In 1915 worden de NOLS-spoorlijnen voorzien van hectometerpalen.


Excursie voor de pers

Een jaar na de opening van het laatste traject organiseert de directie van de NOLS op 31 juli en 1 augustus 1911 een excursie voor de pers. Een extra trein rijdt het complete traject van de NOLS. De directie van de NOLS hoopt op die manier schrijvend Nederland te overtuigen goed werk te hebben verricht en te laten zien door welk schitterend gebied de spoorlijn is aangelegd. Het is de bedoeling dat de journalisten in hun krant een verslag van de reis publiceren. Op die manier lokt de NOLS toeristen en daarmee reizigers voor de NOLS naar het noordoosten van Nederland. De reis begint in Zwolle. De trein vertrekt om 9.15 uur van het station. De overnachting vindt plaats in Assen. Tijdens de excursie zijn in diverse plaatsen activiteiten georganiseerd. Ook een bezoek aan de strokartonfabriek "Ons Belang" in Stadskanaal maakt deel uit van het programma. Na aankomst van de trein om 18.20 uur in Zwolle eindigt de excursie met een feestmaal in Zwolle. In totaal 41 journalisten van diverse kranten nemen deel aan de trip. In de dagen na de excursie verschijnen in diverse kranten in Nederland uitgebreide verslagen.


Problemen met de gebouwen

In 1911 deelt de directie van de NOLS in het jaarverslag mee dat bij een aantal gebouwen de muren verzakken. Ze meldt tevens dat maatregelen zijn genomen om de problemen op te lossen. Eind 1912 moeten alle gebouwen er piekfijn uitzien. De maatregelen kunnen niet verhinderen dat diverse muren lijden aan vochtproblemen. Vooral de muren die regelmatig in de wind en de regen staan. Een aannemer voorziet deze muren geheel van plamuur. Bij sommige stations zijn de problemen zo groot dat uiteindelijk het hele stationsgebouw onder de plamuur verdwijnt. Het stationsgebouw van Nieuw-Amsterdam en de locomotievenloods in Coevorden ondergaan deze behandeling in 1913. Langs het traject Stadskanaal - Delfzijl voorzien de Staatsspoorwegen in 1914 verschillende gebouwen van bepleistering aan de buitenmuur. In 1915 worden de westelijke gevelmuren van de stations- en haltegebouwen in Gramsbergen, Rolde en Bergentheim voorzien van bepleistering. De stations krijgen hierdoor een heel ander en eentoniger uiterlijk. De motieven, die rond de ramen aangebracht zijn, verdwijnen onder de verf.

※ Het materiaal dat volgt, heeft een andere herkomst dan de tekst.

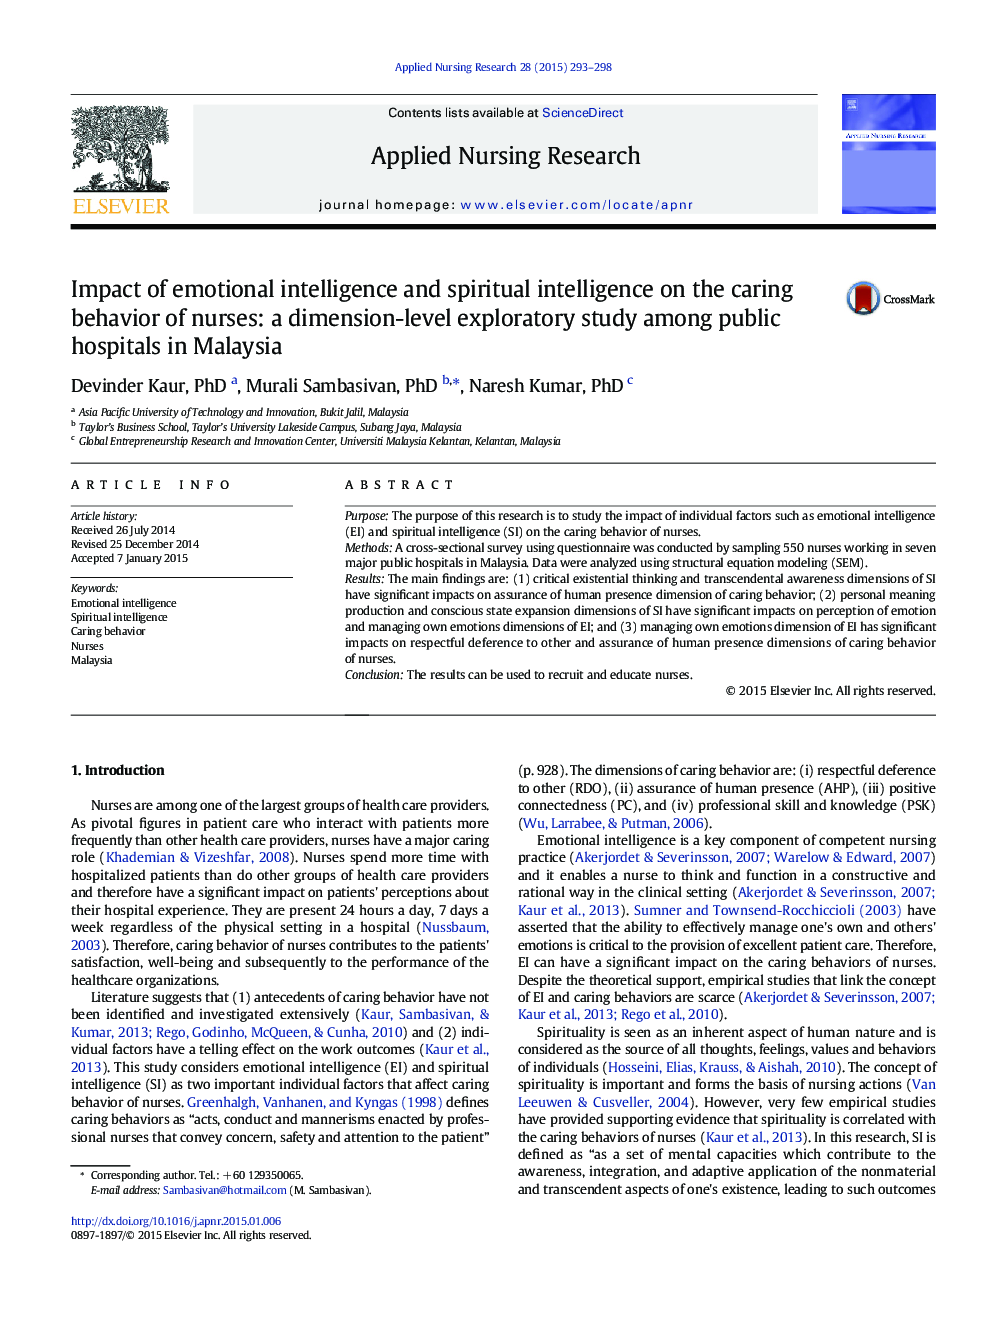 تأثیر هوش هیجانی و هوش معنوی بر رفتار مراقبتی پرستاران: یک مطالعه اکتشافی در سطح درمان در بیمارستان های دولتی در مالزی

Het onderhoud aan de gebouwen wordt ieder jaar in het voorjaar door de spoorwegen openbaar aanbesteed. Het werk bestaat hoofdzakelijk uit zink-, verf- en behangwerk. Het zuidelijke deel van de NOLS tot Exloo valt onder rayon Zwolle en wordt vandaar aanbesteed. Het noordelijke deel vanaf Buinen valt onder rayon Groningen. Vanaf 1936 wordt de grens tussen de beide rayons verlegd tussen Zuidbarge en Emmen. Het onderhoud aan de metalen delen zoals bruggen en draaischijven wordt apart aanbesteed.


Oplevering

De officiële overdracht van alle NOLS-spoorlijnen en gebouwen aan de Staatsspoorwegen vindt plaats op 22 augustus 1912. Als onderdeel van de oplevering vindt er een opneming plaats van de spoorlijnen plaats. Omdat de spoorlijn voor een groot deel op kosten van de Staat is gebouwd, wordt ook Rijkswaterstaat uitgenodigd om bij de opneming aanwezig te zijn. Bij de opneming zijn de volgende personen aanwezig.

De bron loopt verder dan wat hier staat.